Blood Tracks of the Bush : An Australian Romance
- Author: Simpson Newland
- Language: English
- Genre: Fiction
- Publisher: George Bell and Sons
- Publication date: 1900
- Publication place: U.K.
- Media type: Print
- Pages: 286 pp
- Preceded by: Paving the Way : A Romance of the Australian Bush

= Blood Tracks of the Bush: An Australian Romance =

Novel by Australian-UK writer Simpson Newland

Blood Tracks of the Bush : An Australian Romance (1900) is a novel by British-Australian writer Simpson Newland. It was his second novel.
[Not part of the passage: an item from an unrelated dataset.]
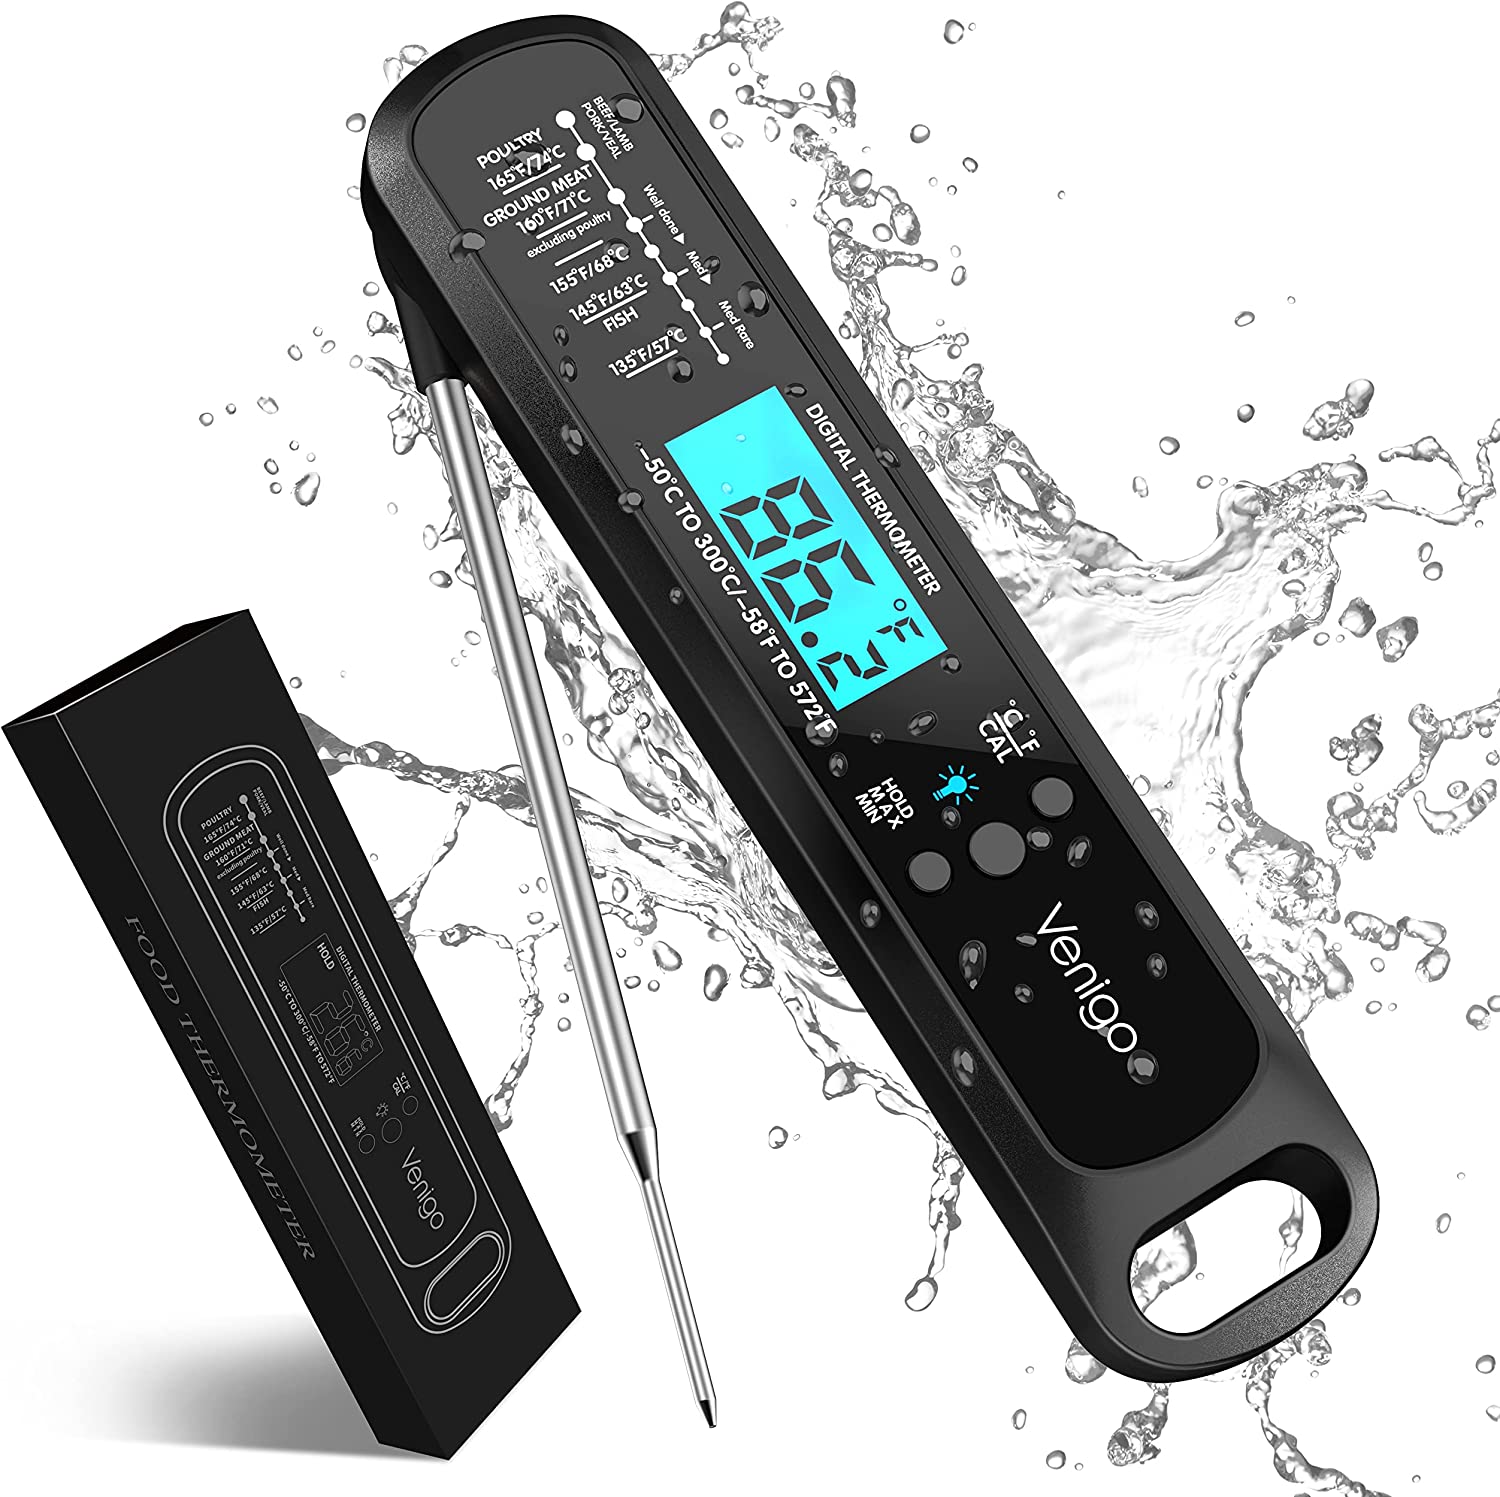 Rubbermaid Commercial Products Dishwasher Safe Analog Probe Meat Thermometer  in the Meat Thermometers department at

It was originally published in the United Kingdom by George Bell and Sons in 1900.

==Abstract==
"Arnold Wroithesley is heir to a heavily-encumbered English estate; to save foreclosure by his uncle (the mortgagee) Arnold, at his father's bidding, takes five thousand pounds of trust money, and goes to Australia, with the hope of making fifty thousand, so that he may save the ancestral domain...Drought ruins Arnold, who goes on a wild goose chase in Central Australia for an alleged treasure concealed in caves in a snow-capped mountain."

==Publishing history==
Following the book's initial publication by George Bell and Sons in 1900 it was subsequently published as follows:
- Serialised in Evening Journal newspaper, 1900, Adelaide, South Australia
- Gay and Bird, 1900
- Gay and Hancock, 1919

==Critical reception==
The reviewer in The Sunday Times, Sydney, noted: "As a melodramatic story of Australian back-block life this book is above the average in merit, and to those who can put aside probabilities as a necessary ingredient to fiction, it will prove highly interesting."

The Australian Dictionary of Biography noted that the book "was less successful [than his first novel], partly because inferior, but also because he courageously and accurately portrayed horrific mass-murders of Aborigines by police and pastoralists. The public was not ready for such honesty."